Lundin Peredo, dichoso él, escapó de las garras de un malhechor que él mismo podría haber inventado: macabro demonio antiletrado que se alimenta de las buenas páginas de los manuscritos de los oscuros, ignotos, aindiados autores. Demonio que se escuda en la tradición, en el racismo, en las faldas de la abuelita y la tiíta, del profesor y del fraile (padrecito), en las botas hediondas del ejército y en la malsana mezquindad que nos caracteriza. A Dios gracias (Dios ha muerto) vive en la región de Halland, Suecia, y añora aquel bello y maldito polvo que recordamos todos, la multifacética Bolivia cuyo único error y mal destino fue parirnos -a nosotros, bolivianos-. En Halland, Lundin Peredo remonta su imaginación al rincón “perdido” y la suma a la amplia gama de sus lecturas como a su ajeno a medias) entorno, para dar lugar a una auténtica originalidad que tiene que ser provechosa para animar la caducidad de nuestras letras. Al decir caducidad no me refiero a los temas, que muchos tenemos y muy ricos, más bien a la falta de entereza para hallar un camino propio, una literatura verdaderamente nacional, así hable, como en el caso de Miguel, de atormentados vampiros o de mutantes duales, caso Mature Tinku Fighter, Kosovo Orchid, Araña Argentina, Veneno Lúndico, todos personajes de una irrepochable y ambiciosa galería de seres que alternan ambos mundos, todos los mundos como su progenitor.
Miguel Lundin Peredo no apuesta por la imitación, intenta abrirse por un paso cerrado en artificio; representa de manera genuina su juventud (nace en 1983, en Santa Cruz). Generación que crece bajo el augurio de la tecnología, cuyos márgenes desbordan en lo extenso como en lo intenso, con una búsqueda particular de asociar lo antiguo, hasta lo mítico, con la pantalla del computador, con una contemporaneidad avasallante. Es el tiempo, aunque lo fue también para nosotros, del comic, de la televisión, de la animación por computadora cada vez más sofisticada, de la explosión del cine como fenómeno de masas, y de la asunción de éste como parte del erario personal y casero a través del video y del DVD. Epoca que rescata a Leónidas y sus espartanos y adapta su historia a una estilizada y notable cinta (300), producto de alta tecnología.
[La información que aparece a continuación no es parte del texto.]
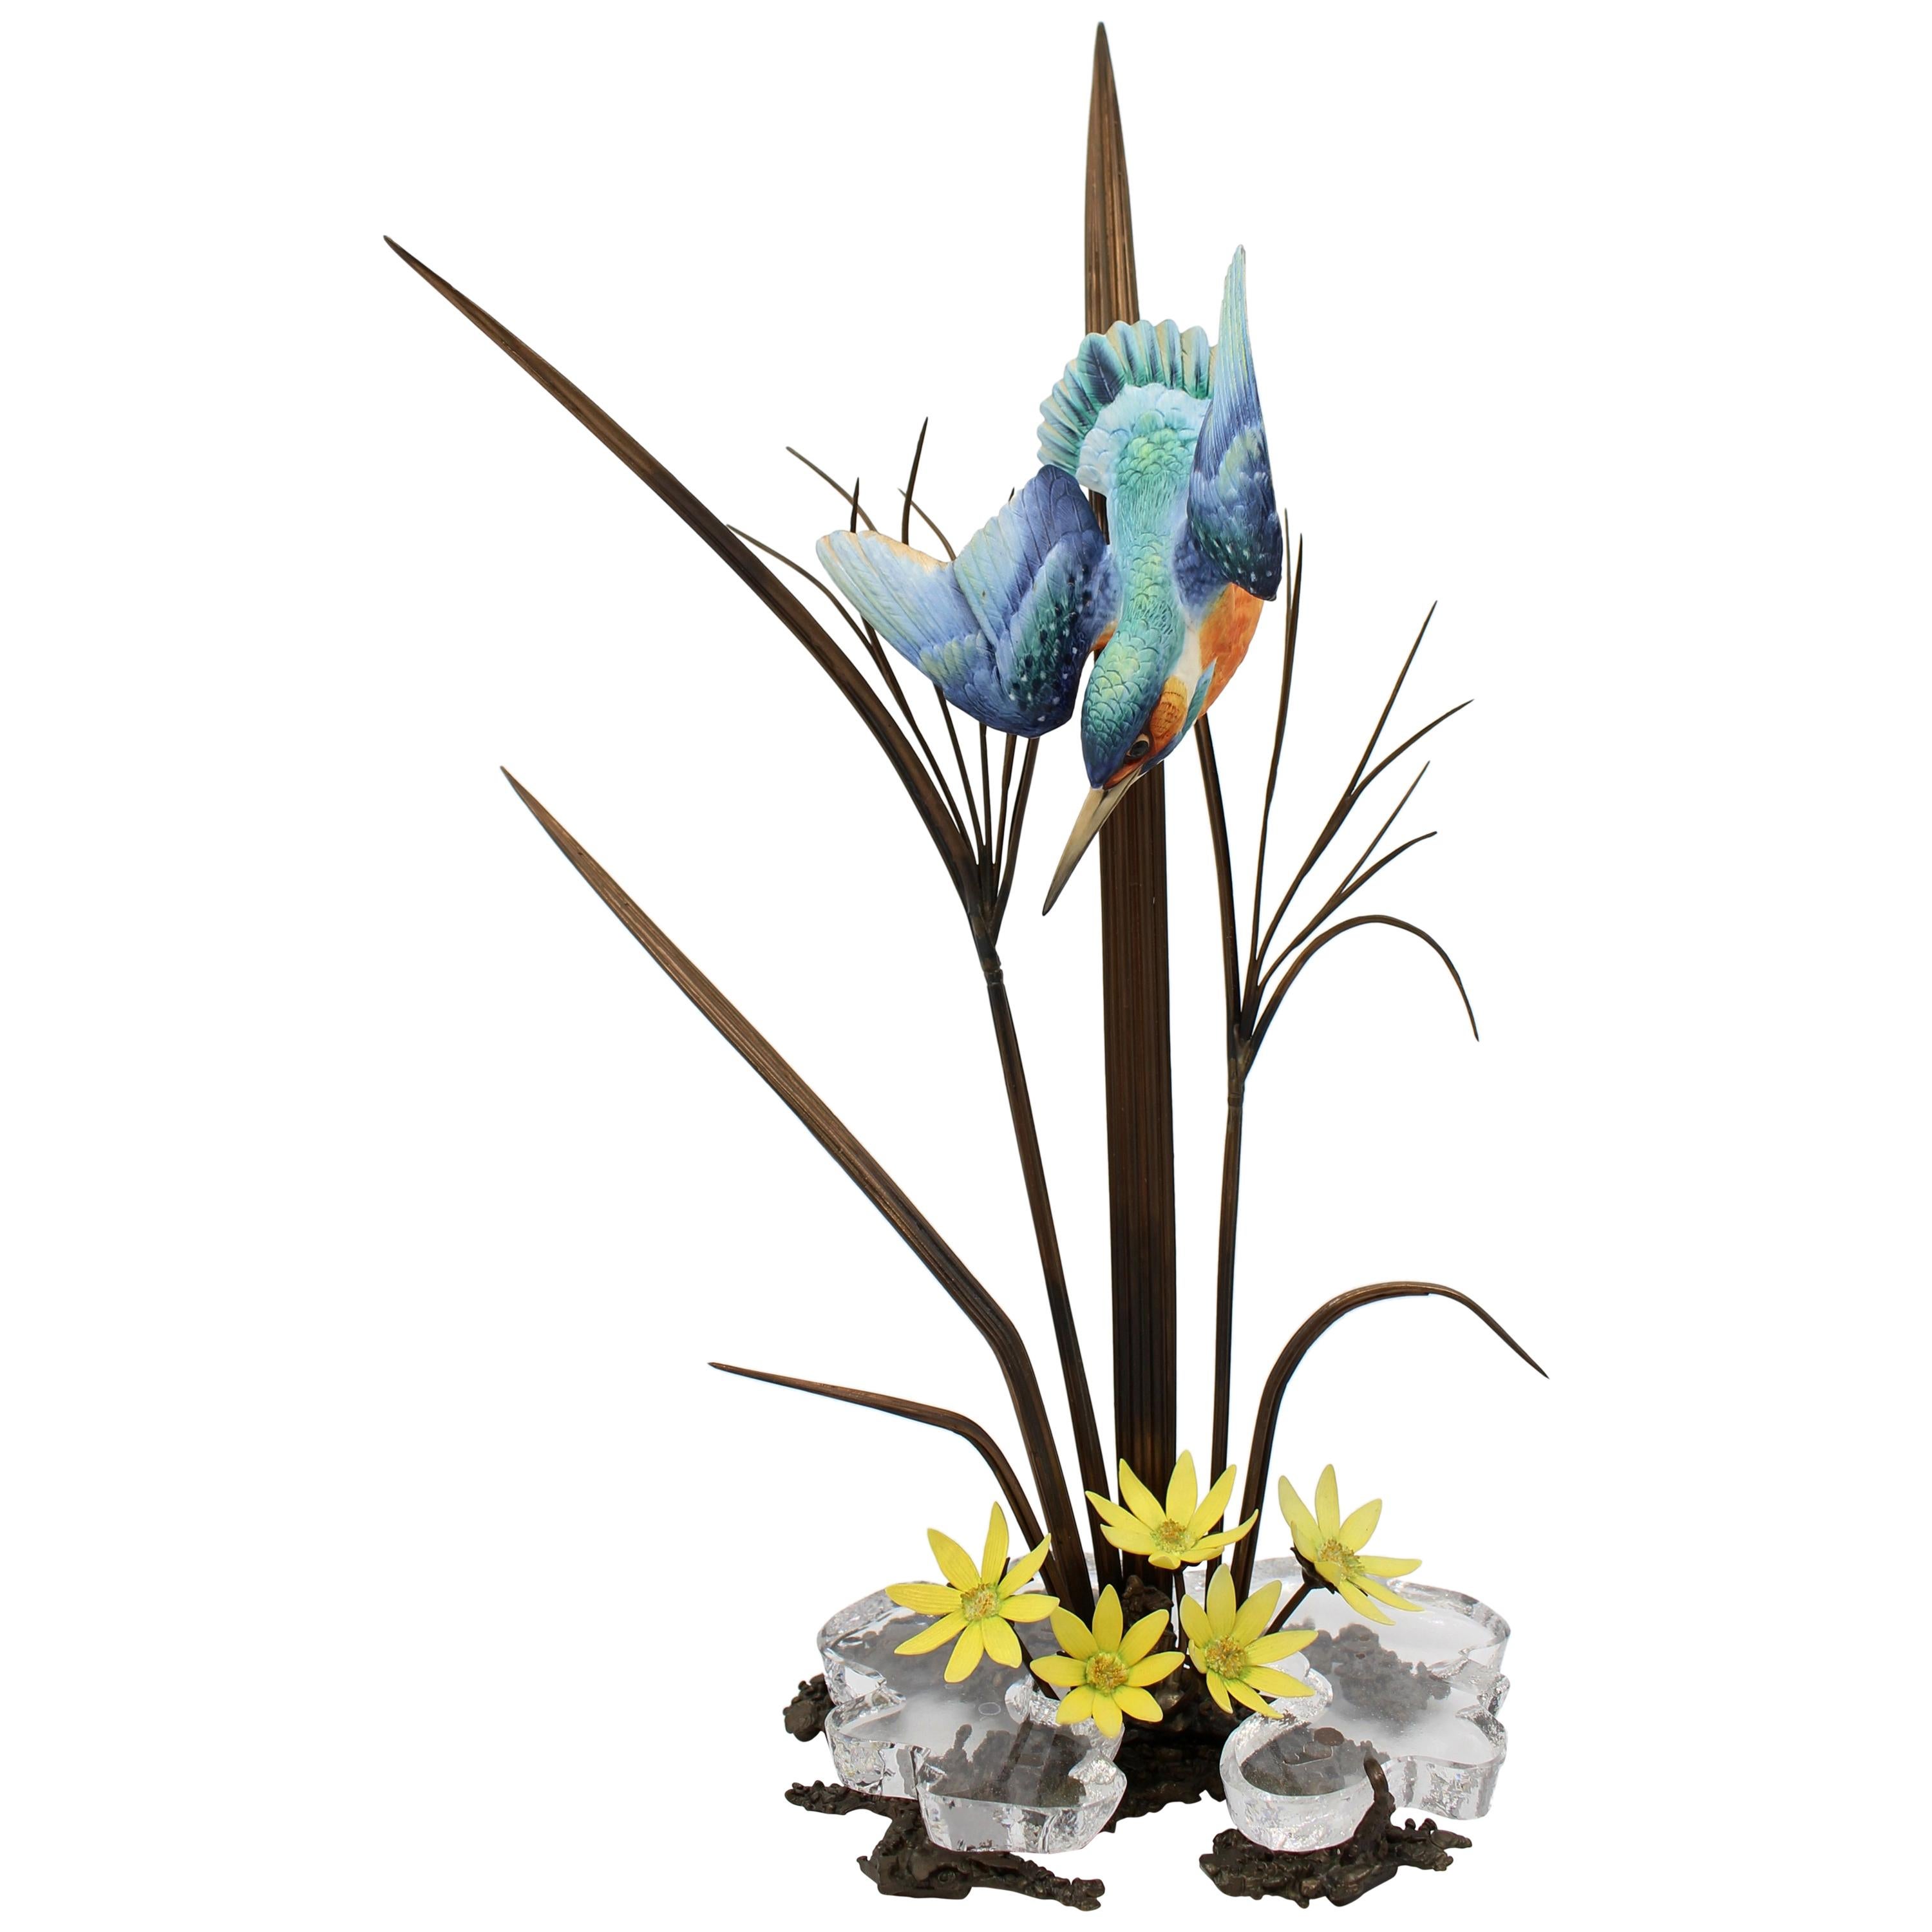 Albany Kingfisher Sculpture Porcelain Bronze and Rock Crystal
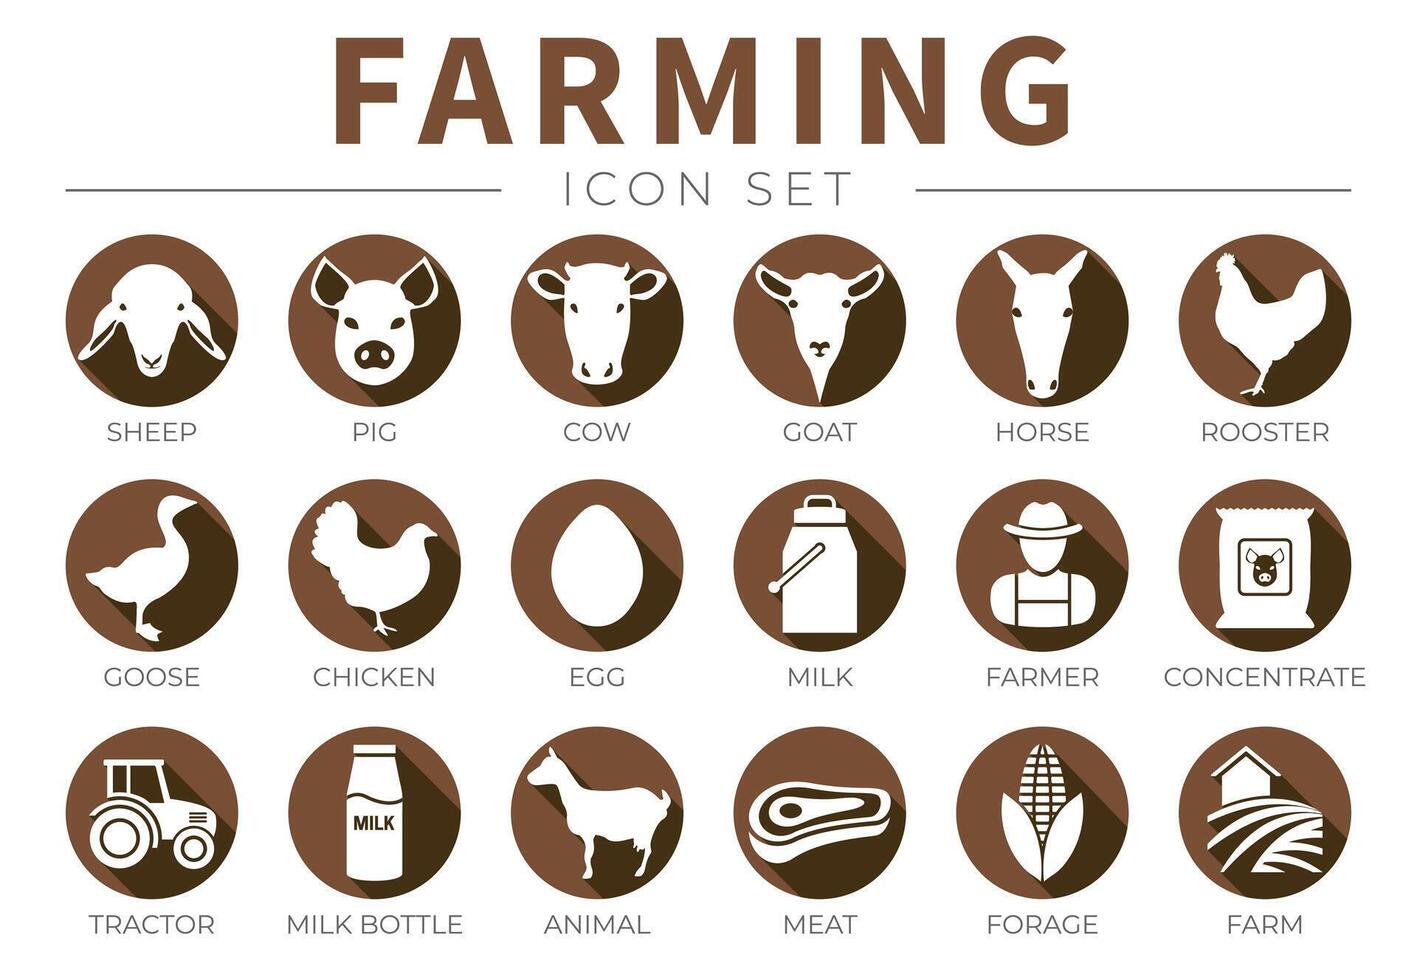 Brown Farming Icon Set with Farm Animals of Sheep, Pig, Cow, Goat, Horse, Rooster, Goose, Chicken, Egg, Milk, Farmer, Concentrate, Tractor, Bottle, Animal, Meat and Forage Icons. vector

Ello no descalifica a los griegos clásicos y se puede continuar leyendo a Eurípides, o a Jenofonte, o acerca de las Termópilas sin desapreciar los productos artísticos de hoy.
Miguel Lundin Peredo inventa (crea, imagina) el Realismo Lúndico (una variación de su apellido), que sin descartar lo mágico penetra en las ansiedades y deseos ocultos del individuo; en la antesala donde el sueño y lo cotidiano se entremezclan, en un espacio donde la violencia ha establecido raíces y donde se disputa la eterna brega entre el Bien y el Mal.
Heredero de Mad Max y de Belphégor, el fantasma del Louvre que se remonta al asirio Baal-Peor; del cine extraordinario de Delicatessen o La Cité des enfants perdus; de Vidocq y la narrativa fílmica de Guillermo del Toro, Miguel Angel Lundin propone, por primera vez en nuestras letras, una auténtica universalidad, que junto a la herencia de Tolkien o C.S. Lewis ¿Poe?, Stephen King, entre otros, debe también su notable intención al ancestro autóctono, urbano y creativo de autores como Víctor Hugo Viscarra, sito en la extraña ciudad de La Paz (Olympuscollo en la obra de Lundin), donde “la realidad es más macabra que la fantasía” (lo diría él).